Pray for Courage Instead

Making the road by walking, one step at a time

by Marissa Papula, Director of Campus Ministry

 

A group text of Jesuit-affiliated friends had my phone buzzing recently. Someone in the chat had been offered a job opportunity far from home and wasn’t sure how to approach it. Schooled in Ignatian spirituality, he knew a bit about discernment but wanted to hear from other reflective, creative companions about how they would pray with such a decision, and what advice they might offer.

The chat showed up. Texts rolled in about praying with the initial emotional response to the news, asking whom such a move would “best serve,” recommending Ignatius’s deathbed meditation, proposing imaginative prayer to envision life in the new place and notice consolation or desolation, and advising against letting fear play any role in the choice. The messages were rich, wise, heartfelt, and soulful: a collection of mirrors reflecting truth back to this person as he weighed options among goods, all with an unmistakably Ignatian accent.

One message in particular, written by a Jesuit friend of mine, stopped me mid-scroll and has been preserved in my screenshots ever since, so perfectly did he grasp what everyone else was reaching toward:

“At some point, the answer to your question will only be as clear as it can get without a promise of certainty (which we so often long for). When you’re at that point, pray for courage instead, and trust that the discernment was good. Onward!”

At LMU, we walk alongside students who face these same kinds of good discernments all the time: this major or that one, this internship or another, a hometown after graduation or somewhere entirely new. Among our faculty and staff, too, we often make decisions without the clarity or certainty we crave, choices guided only by limited information and the raw emotional data that illuminate just the next step forward, rarely the whole path.

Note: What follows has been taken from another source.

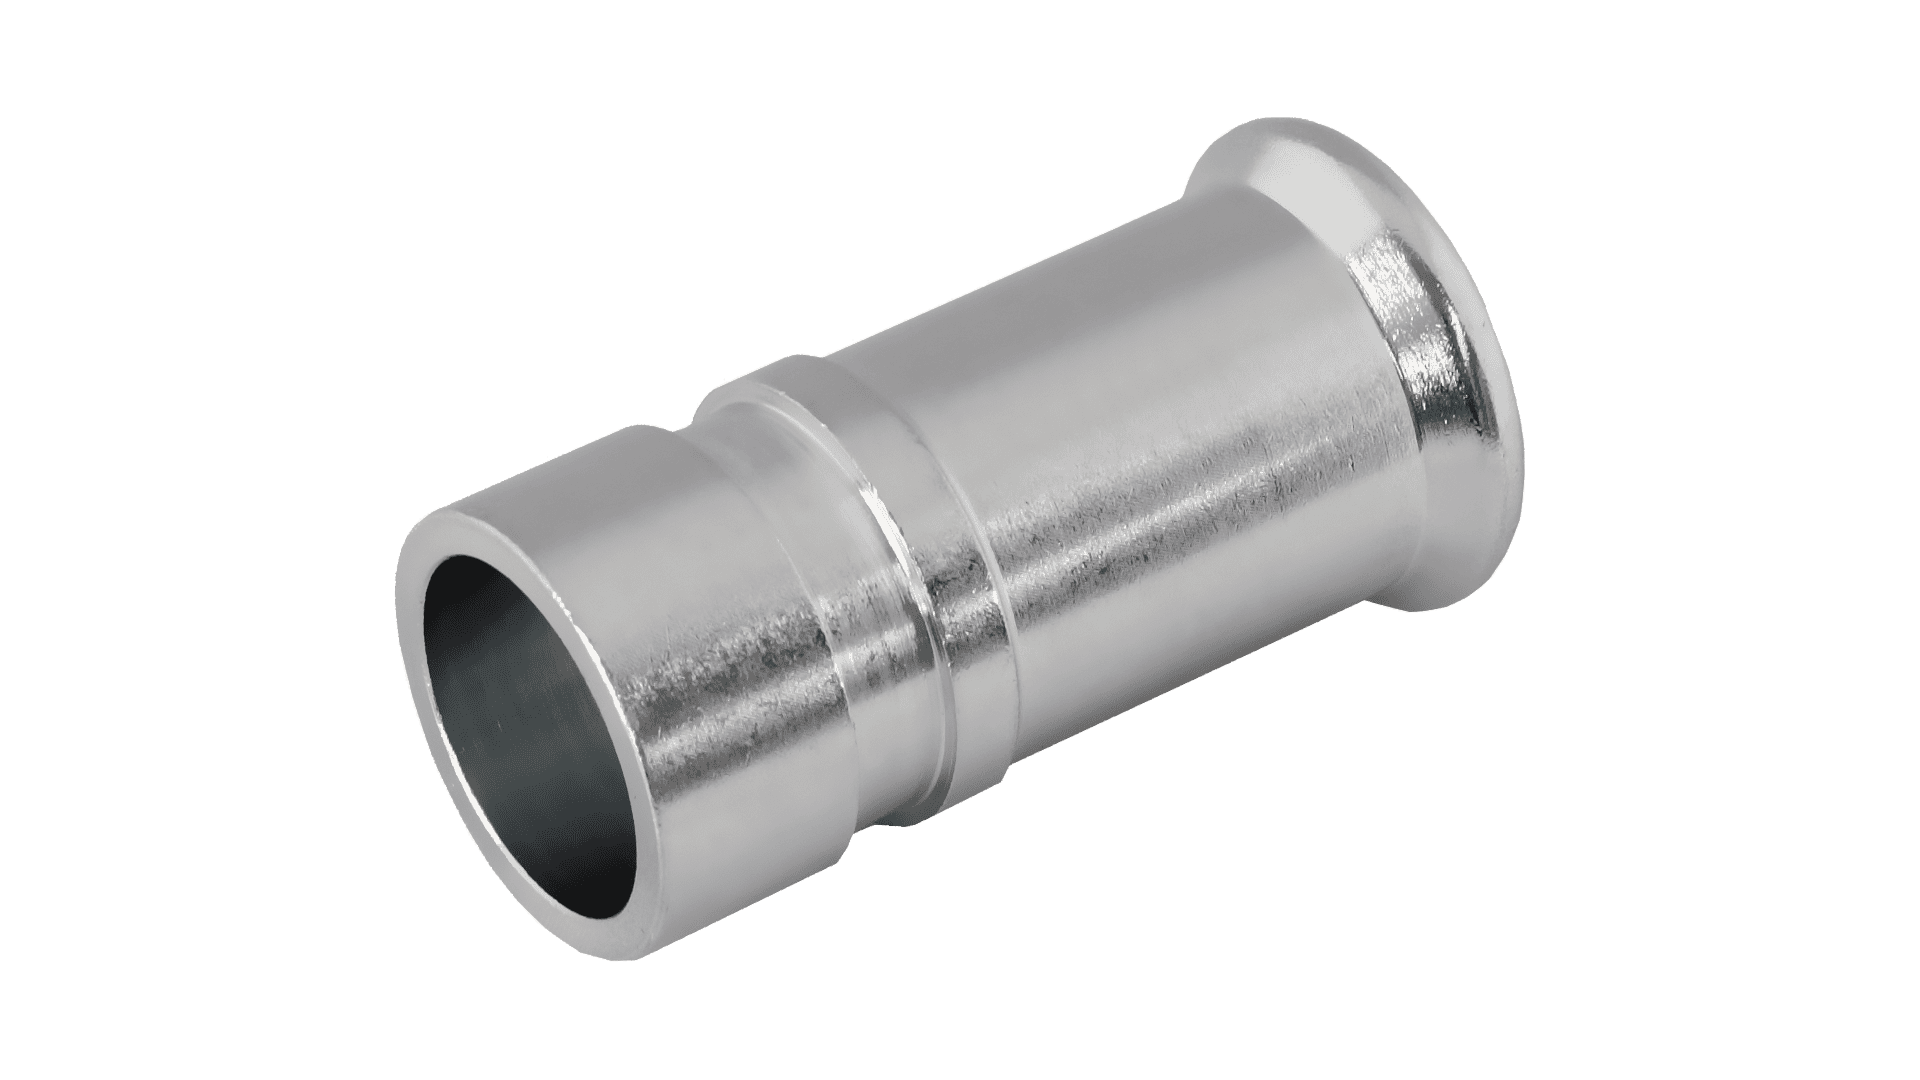 KAN-therm - Sprinkler Inox System - System compatibility with grooved steel systems due to bolted connection technology

So often, I want to see the entire journey before me. But more often than not, I’m given only enough light for the next moment. And so, I pray for courage.

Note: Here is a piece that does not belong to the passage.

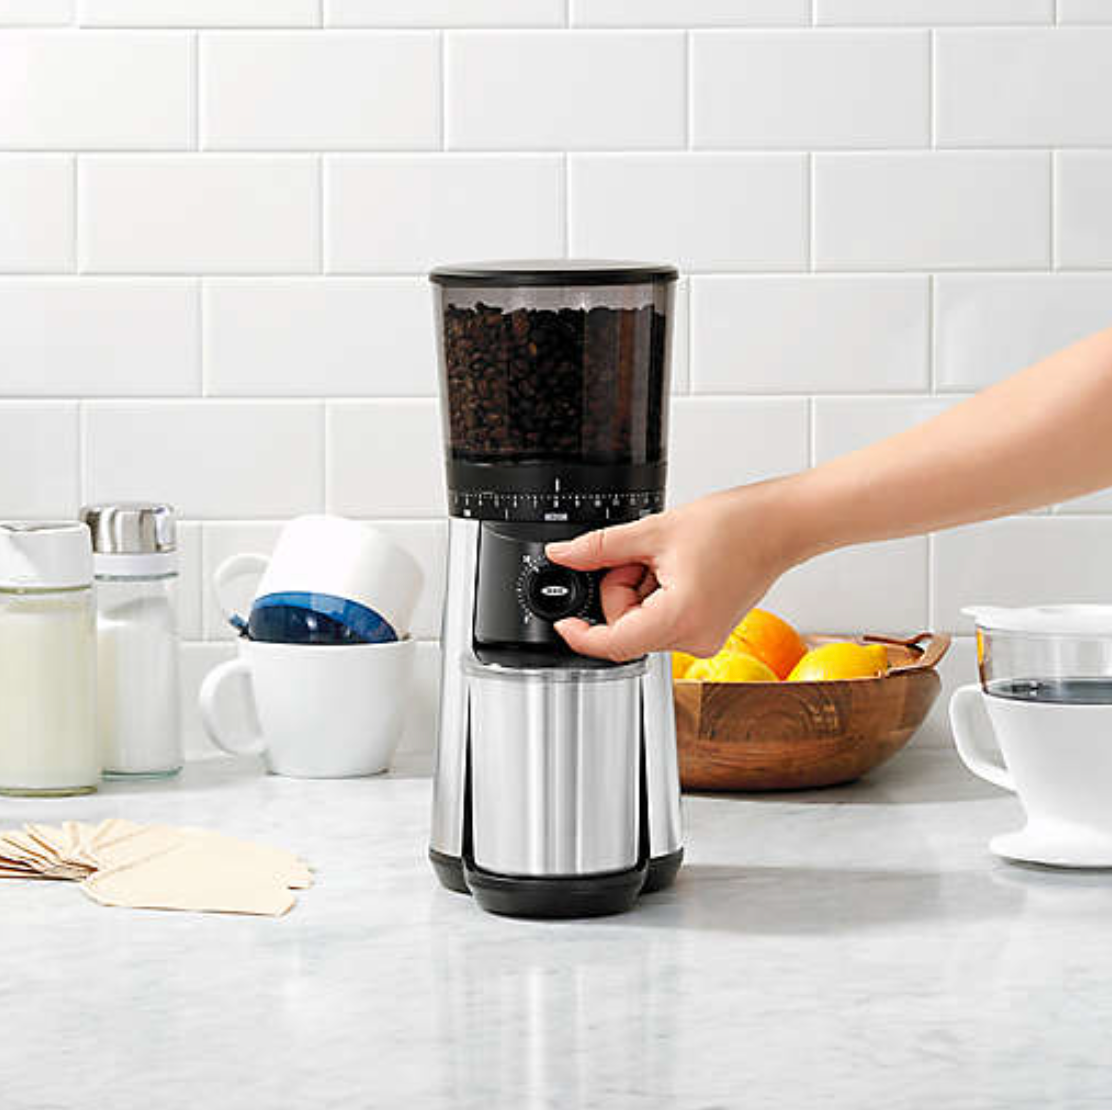 OXO Conical Burr Stainless Steel Coffee Grinder

This Ignatian Heritage Month, themed “Us, Here, Now,” invites us at LMU to reflect on who we are, in this moment, in this place, through the lens of mission. Our mission is not a static inheritance but a dynamic responsibility: one that makes demands of us, one that calls us to the creative challenge of living faithfully to our identity while imagining who we are called to become. The magis animates this work, as does our call to live as persons for and with others. We choose magnanimity over myopia. And that choice, too, demands courage.

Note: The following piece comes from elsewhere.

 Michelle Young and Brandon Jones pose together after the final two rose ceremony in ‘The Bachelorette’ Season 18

This November, the Division of Mission offers a buffet of programs for our community to feast on as we nourish ourselves to answer this shared call. Together, we situate ourselves, us, here, now, faithful to who we are, drawn toward who we might yet be. Our programming and encounters offer clarity about our identity and a renewed confidence in our commitments.

Join us. And then, pray for the courage to live into the vision of who we are called to become.